Interactive Cluster Setup

Prerequisites

To set up Tecton with an interactive EMR cluster, you need the following:

  • An AWS account with an IAM role that has access to your data
  • Tecton SDK credentials configured in AWS Secret Manager. This should be pre-configured with the Tecton deployment, but if needed they can be created according as follows (such as if you wanted to access Tecton from another AWS account). Note that if your cluster name starts with tecton- already, the prefix would merely be your cluster name.
    • tecton-<clustername>/API_SERVICE: <https://yourco.tecton.ai/api>
    • tecton-<clustername>/FEATURE_SERVICE: <https://region.yourco.tecton.ai/api> (only necessary for Enterprise SAAS deployments)
    • tecton-<clustername>/TECTON_API_KEY: <Tecton API key> from tecton create-api-key
  • You will need to set the following environment variables:

    • TECTON_CLUSTER_NAME: Tecton support can tell you the value for this.
    • CLUSTER_REGION: The name of the AWS region the Tecton cluster is deployed in.

    These can be set by specifying a spark-env configuration option to EMR when creating your cluster.
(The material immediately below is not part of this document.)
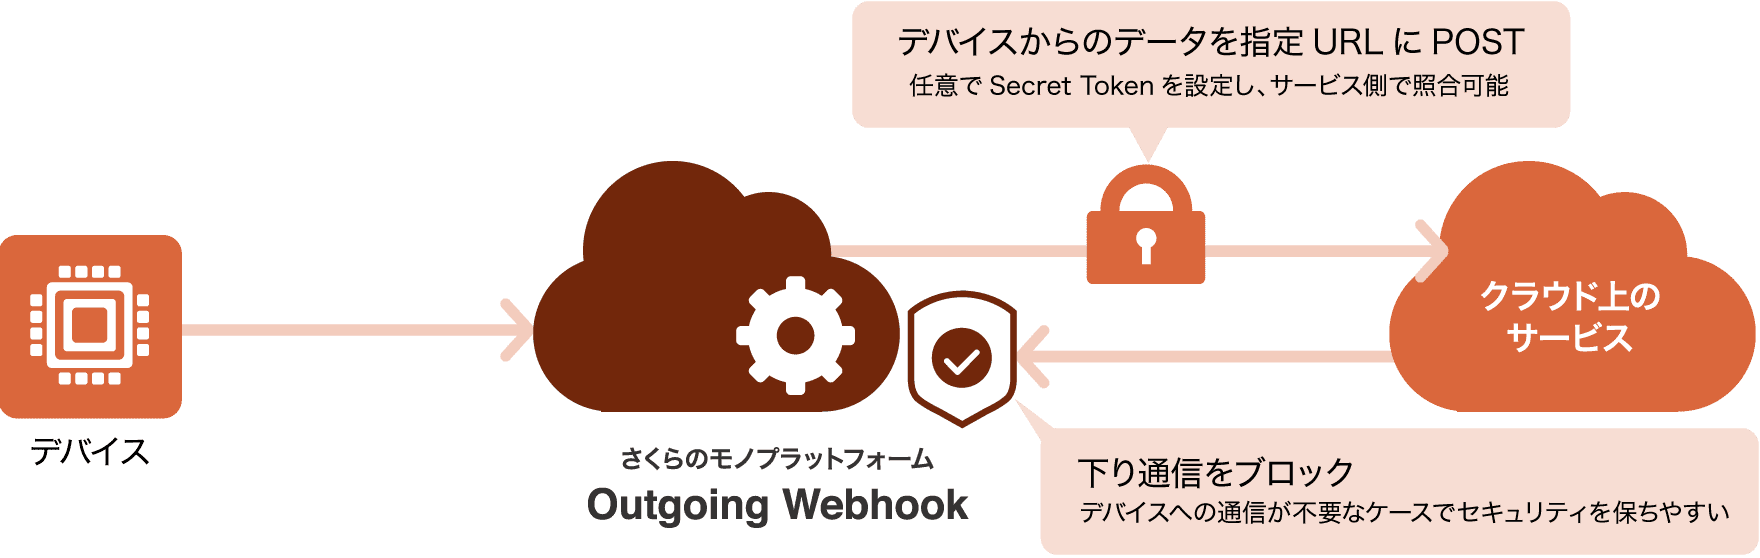 Outgoing Webhook

It would look something like this:

    [
      {
       "Classification": "spark-env",
       "Properties": {},
       "Configurations": [
           {
             "Classification": "export",
             "Properties": {
                 "CLUSTER_REGION": "us-west-2",
                 "TECTON_CLUSTER_NAME": "<clustername>",
             }
           }
       ]
     },
    {
        "Classification": "yarn-env",
        "Properties": {},
        "Configurations": [
            {
              "Classification": "export",
              "Properties": {
                 "CLUSTER_REGION": "us-west-2",
                 "TECTON_CLUSTER_NAME": "<clustername>",
              }
            }
        ]
      }
    ]
    
    - There are some optional credentials that must be set up, depending on data sources used. - tecton-<clustername>/REDSHIFT_USER - tecton-<clustername>/REDSHIFT_PASSWORD - tecton-<clustername>/SNOWFLAKE_USER - tecton-<clustername>/SNOWFLAKE_PASSWORD

Note

Terminated notebook clusters can be cloned. This is often the easiest way to recreate a cluster.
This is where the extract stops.